May 22, 2013

Album Review: VÅR's No One Dances Quite Like My Brothers


The Danish underground has wedged its way into becoming a worldwide force of domineering DIY punk and noise influences over the past two years spearheaded by the breakthroughs from hardcore antagonists Iceage and Lower. What’s remarkable about the community, however, is that uncovering the scene reveals how many of its members (alongside those from neighboring Sweden) are conjoined through offshoot projects who share only slight stylistic overlaps with their primary focus. There’s an entirely different dimension of depth into these rising artists’ potential left to be assessed through them, and with the name recognition of Iceage’s Elias Rønnenfelt and Lower’s Kristian Emdal behind it alongside friends Loke Rahbek of Sexdrome and Lukas Højland, VÅR is understandably the most visible of them all.

The band’s debut No One Dances Quite Like My Brothers challenges each punk's outward physicality and unrestrained chaos heard within their respective works with palpable pop textures that offer a tender juxtaposition to their hardcore-laced other-halves. And yet, you don’t have to delve too far beyond No One Dances Quite Like My Brothers’ synthetic skin to uncover that VÅR, like the collective’s other directions, is rained over by weathered anxiousness that permeates its way into the Copenhagen underground's cast of characters much like dreary lore did to Manchester or an indifference toward modern-day materialism did Seattle.
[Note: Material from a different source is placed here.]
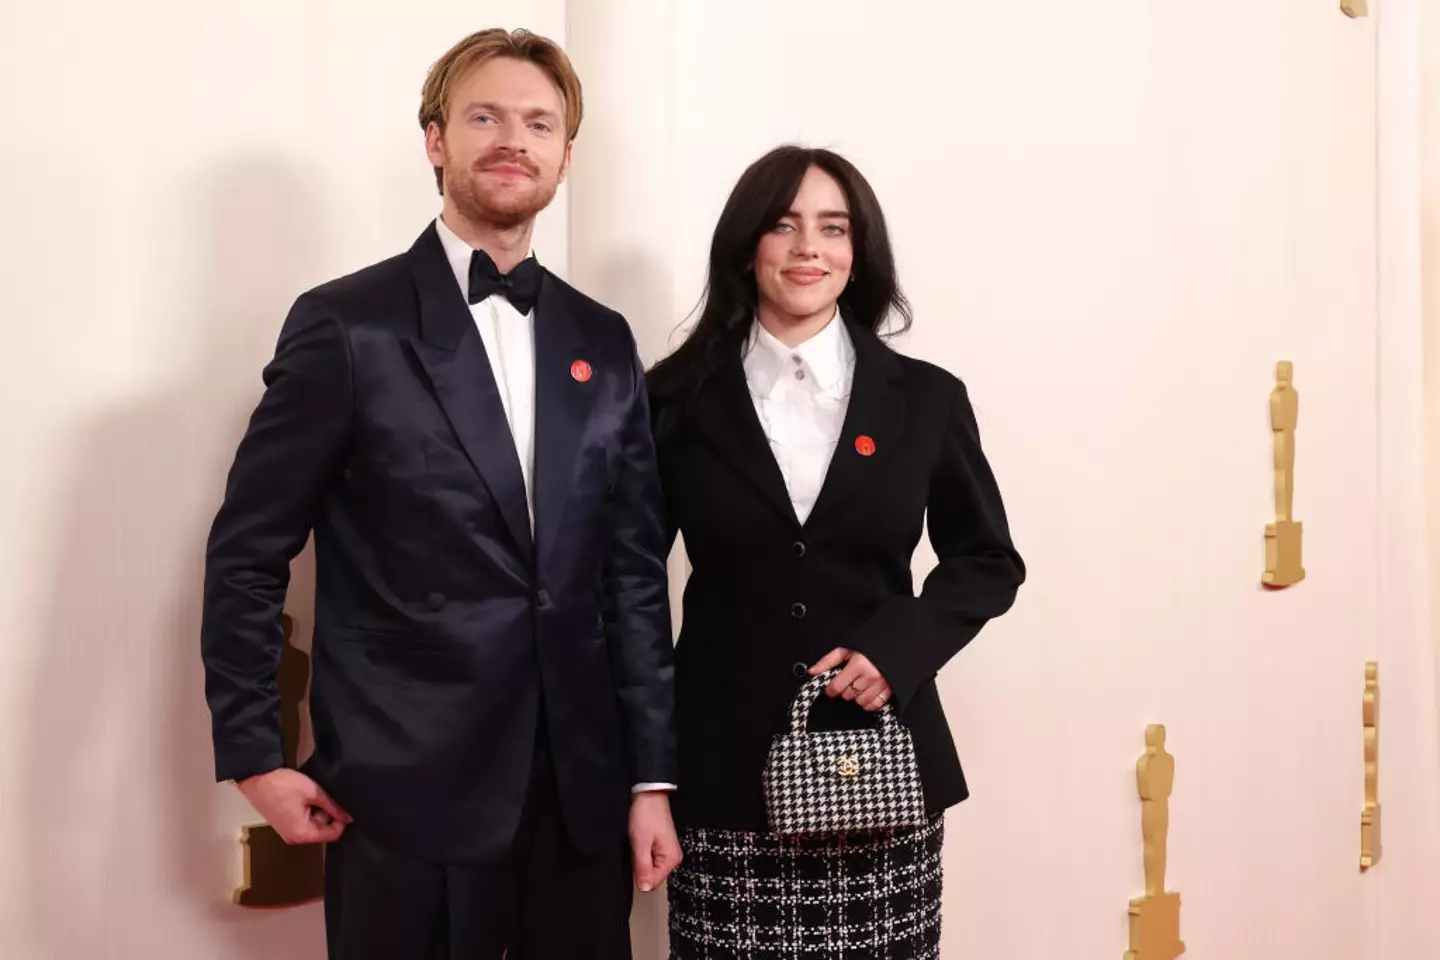 Finneas O'Connell and Billie Eilish are facing nepo baby allegations. (JC Olivera/Getty Images)

Despite being recorded Stateside inside a home studio in Bushwick, the elements carry over regardless in tracks like "Begin to Remember" and "Hair Like Feathers" where Rønnenfelt's dissonant cries wrapped around a minimalist arrangement of pulsing synths sound destined to meet their doom (which isn't to say that the LP's flashier moments such as "The World Fell" and "Pictures of Today / Victorial" don't carry a heavy-hearted polarity emphasized by a militant funeral march across a broken path of bright guitar static, trumpeted victory loops and upbeat tempos.)

Staying within their DIY comfort zone of subterranean production and weathered emotions indeed makes VÅR's debut feel like a proper extension of Iceage and Lower meant to be played in small, dark corners if only in context (that honor ironically would be more astute for their Sacred Bones labelmate Pharmakon and her remarkable newly-released effort Abandon,) but looser songwriting and evaporating most of its members' familiar studio tools behind a wall of broken glass and sheet metal samples, stripped acoustics, percussive loops and industrial electronics otherwise tells you that No One Dances Quite Like My Brothers should not be looked at as a counterpart to their mainstay connections. The album doesn't concentrate too closely on cohesion and is cause for a few wandering but forgivable transitions across the nine track listen, but for every vacant instrumental segue (the title track, "Boy," "Katla") there's promising reinforcement to be heard in VÅR's traditional "pop" leanings ("Motionless Duties," "Into Distance.") Maybe the four friends aren't yet ready to outshine their associated acts, but as far as debuts go, there's a future for VÅR's own kind of bleakness.


VÅR's No One Dances Quite Like My Brothers is available now on Sacred Bones Records.